There was a startling photo of you after the election results came in. You were ripping up a map of Seattle.

It was the map of the light rail and monorail where I was ripping off the western half of the city. I was saying, "This is what the political leaders have done." They have ripped the city in two. There won't be anything in the western half of the city. And that's not a city transit system. The monorail was the best thing for light rail. We should have been having joint press conferences announcing that each system enhances the ridership of the other system. There was such synergy here that was never explored.

When did you first see the $11 billion number?

In the newspaper. I want to be very clear. That was a failure. But it's not like we ever adopted an $11 billion plan. Sound Transit has a billion-dollar cost overrun, and we have to pay it. We never approved paying the $11 billion. It was a proposal. So there was a failure of oversight. I share responsibility for that, the whole board does. I think most of the responsibility lies with Joel Horn and Tom Weeks; they were running this thing in a dysfunctional way. We would ask for information and get blown off.
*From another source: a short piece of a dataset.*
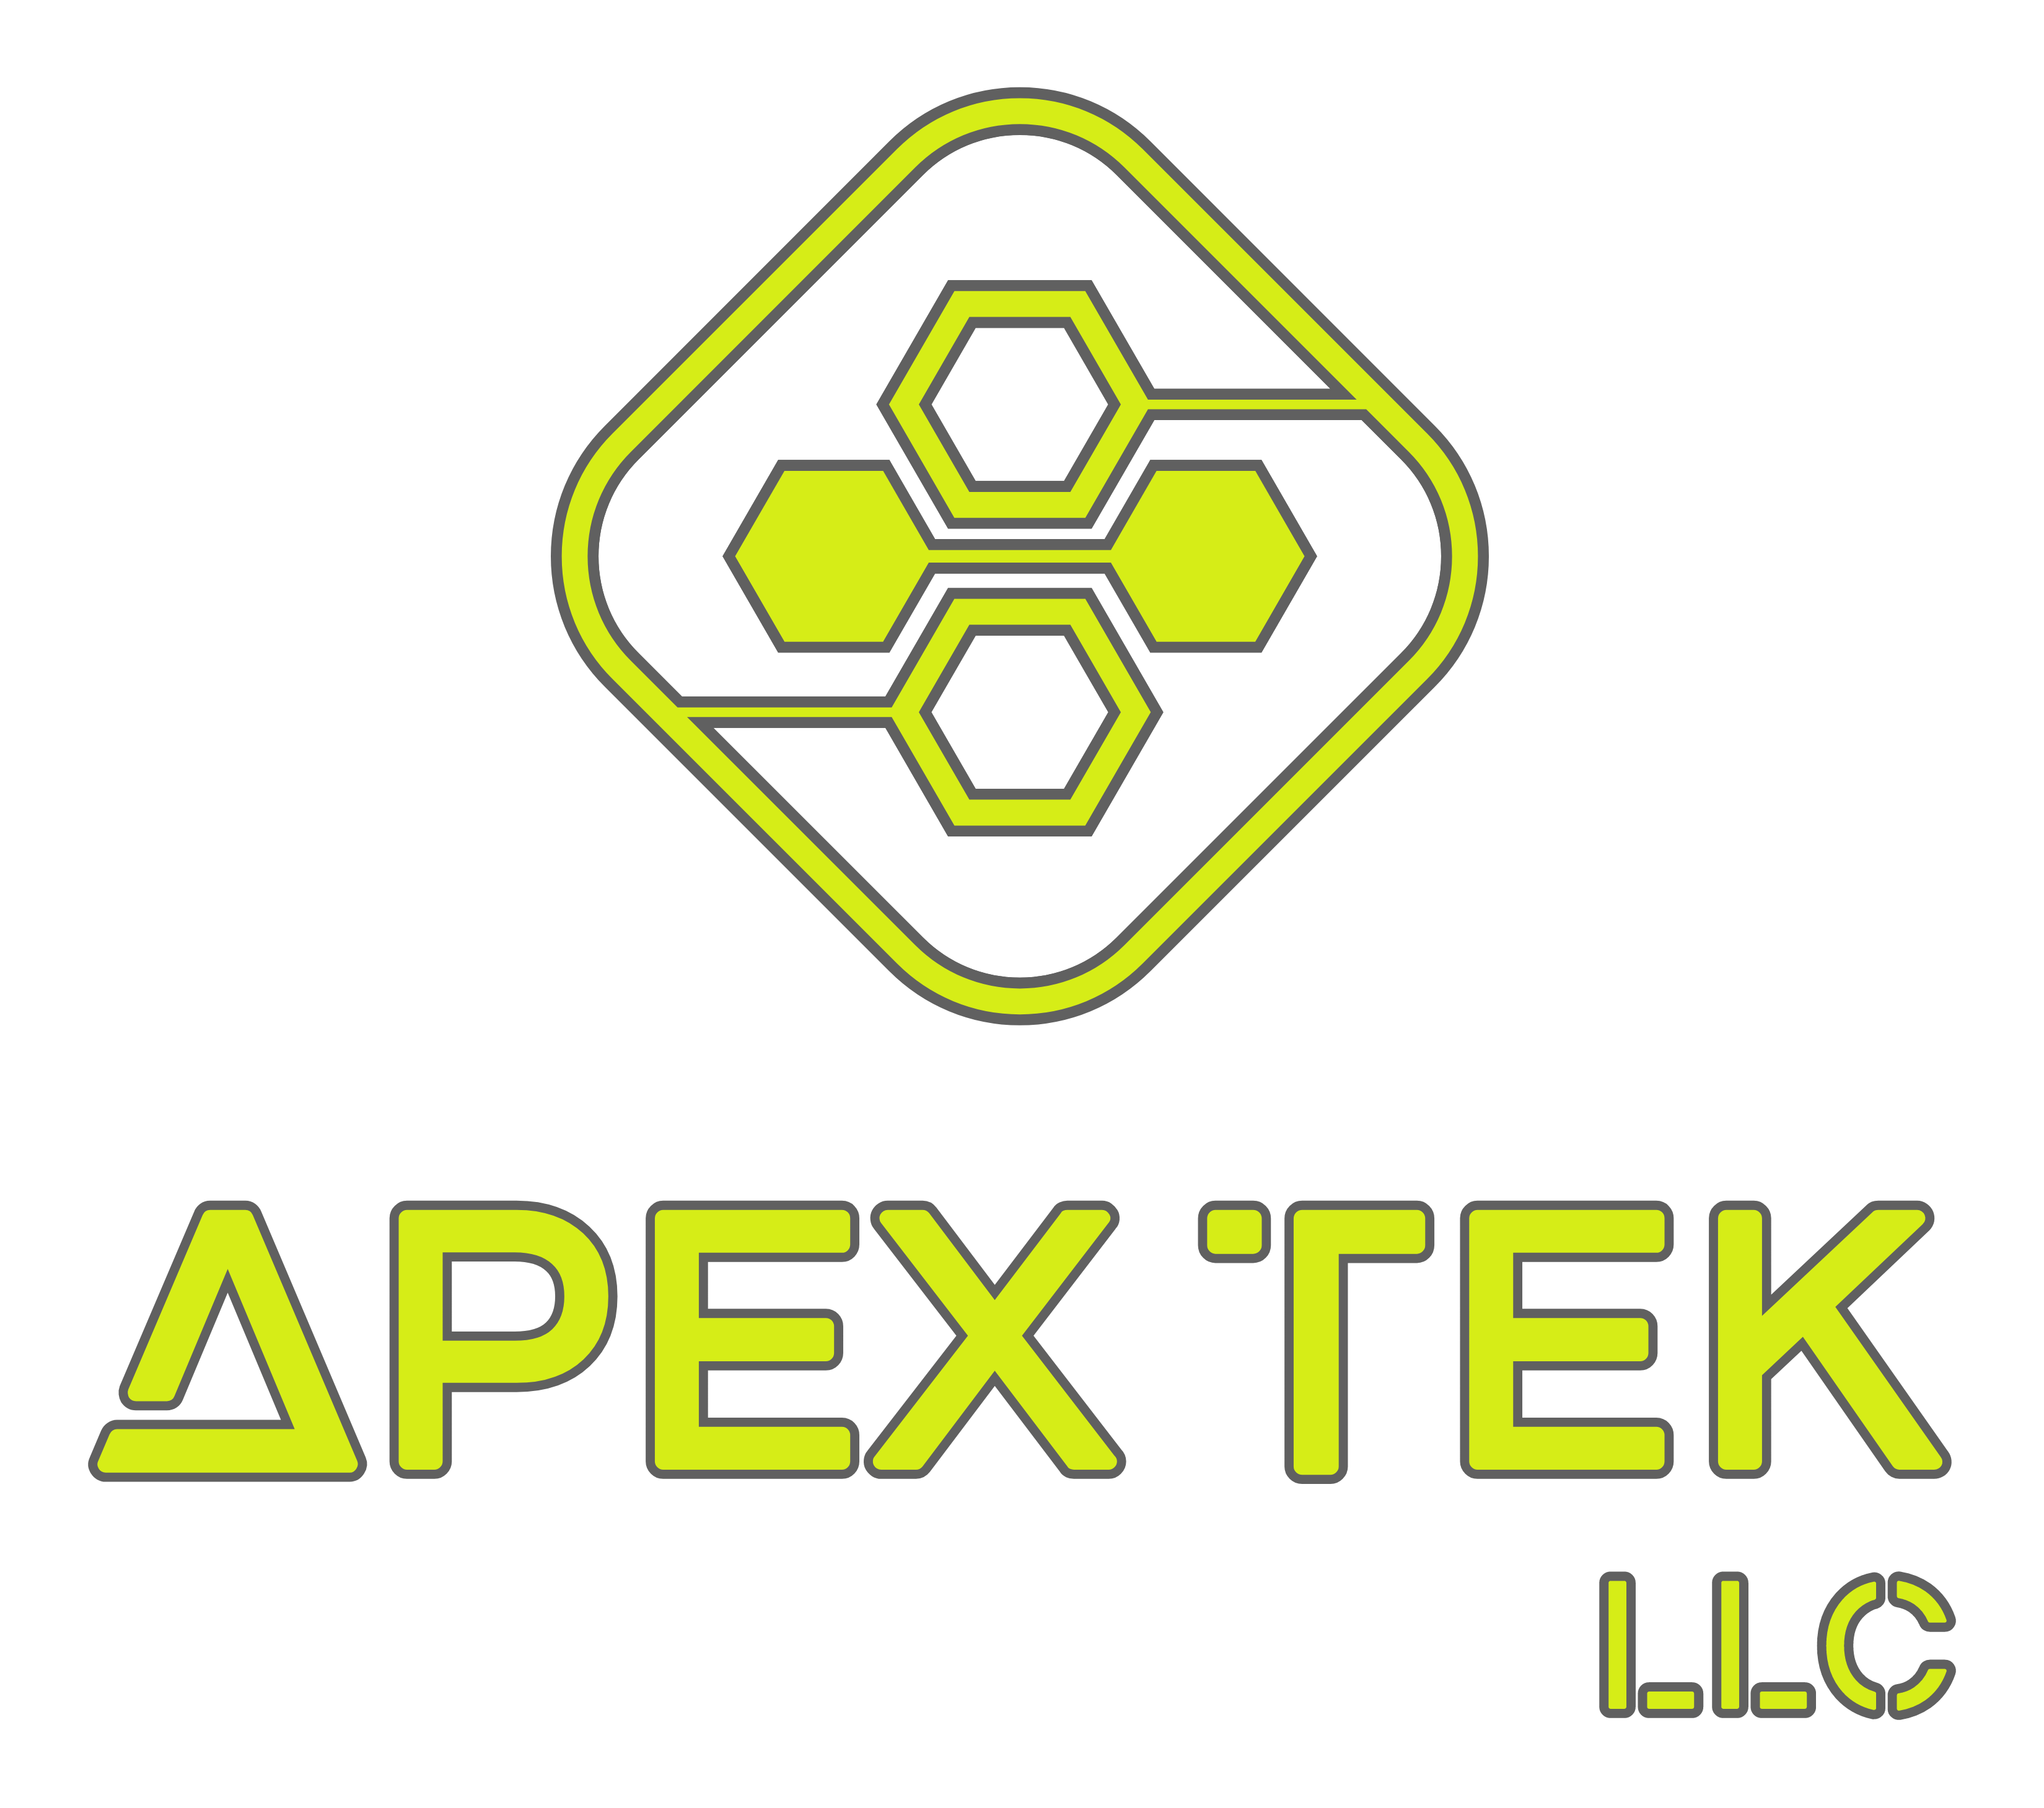 APEX TEK LLC

The mayor's office said your final plan denied the financial reality.

It is bullshit to say our 38-year finance plan was a deal breaker. That's arbitrary. It is bullshit to say what the mayor was quoted in the papers saying: "They can't finance it!" It's also bullshit because the policy of paying a little bit more is okay for every other project in this region. The airport expansion was $4 billion. What do we get? You shave 10 minutes off a third of the flights.